Hi Jing and all, First of all, Thank you all. Second, I reviewed my post again and realized that the first post is correct (I mean the charting in the first post is correct.). The ML process is all correct in both posts anyway. I was confused by charting. Again, please disregard second post. Sorry about the confusion.
predict_col = 'close'
predict_out = int(math.ceil(0.03*len(dataset)))
dataset['label'] = dataset[predict_col].shift(-predict_out)
The above process is constructing 'label' with our 'future' prices. By shifting 'close' data up into the new column 'label' and matching with left-side data, we can fill 'label' with future prices. For example, by shifting price of 2017/6/30 (future price) up by 60 (days), the price of 2017/6/30 (future price) lines up with the row of 2017/4/30 (past data). Then, here we have NaNs in the bottom part of 'label' (because we shifted up.). I dropped these NaNs later.
All the left-side data of this new 'label' is our features ('P/E', 'B/V_Yield', 'EVToEBITDA', 'close') and all these are already known data.

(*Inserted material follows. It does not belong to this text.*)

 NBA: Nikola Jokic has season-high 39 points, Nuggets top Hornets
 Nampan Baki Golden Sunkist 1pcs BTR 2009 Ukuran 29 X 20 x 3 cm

# Define X and X_lately ---------------------------------
# First drop 'label' column, so that we just play with only features data
X = np.array(dataset.drop(['label'],1))
# Scale all the X data
X = preprocessing.scale(X)
# Define the bottom part of our features for our prediction
X_lately = X[-predict_out:]
# Define our X feature for training
X = X[:-predict_out]
dataset.dropna(inplace=True)
# Define y ----------------------------------
y = np.array(dataset['label'])
Before doing ML, we need to redefine X and newly define 'X_lately'. What we are going to predict is the prediction of 'X_lately' feature data, which I sliced with the exactly same length as the length of shifted (predict_out). In other words, this ML model will predict future 60-day prices with these bottom 60 rows of our features (left-side of 'label'). That is 'X_lately = X[ -predict_out: ]'.The entire rows above the bottom 60 is our X (X = X[ : -preict_out]) and y is the 'label' that we already shifted up. So we have a clean dataset: X features (left-side of 'label') and y 'label'. I dropped ['label'] from the entire dataset before defining X and 'X_lately', so had no problem in there. And I dropped NaNs of 'label' finally.
Wish I could draw all of these so that you guys understand better. Please understand my poor ability of explanation. Again, sorry about the confusion in charting and thank you all.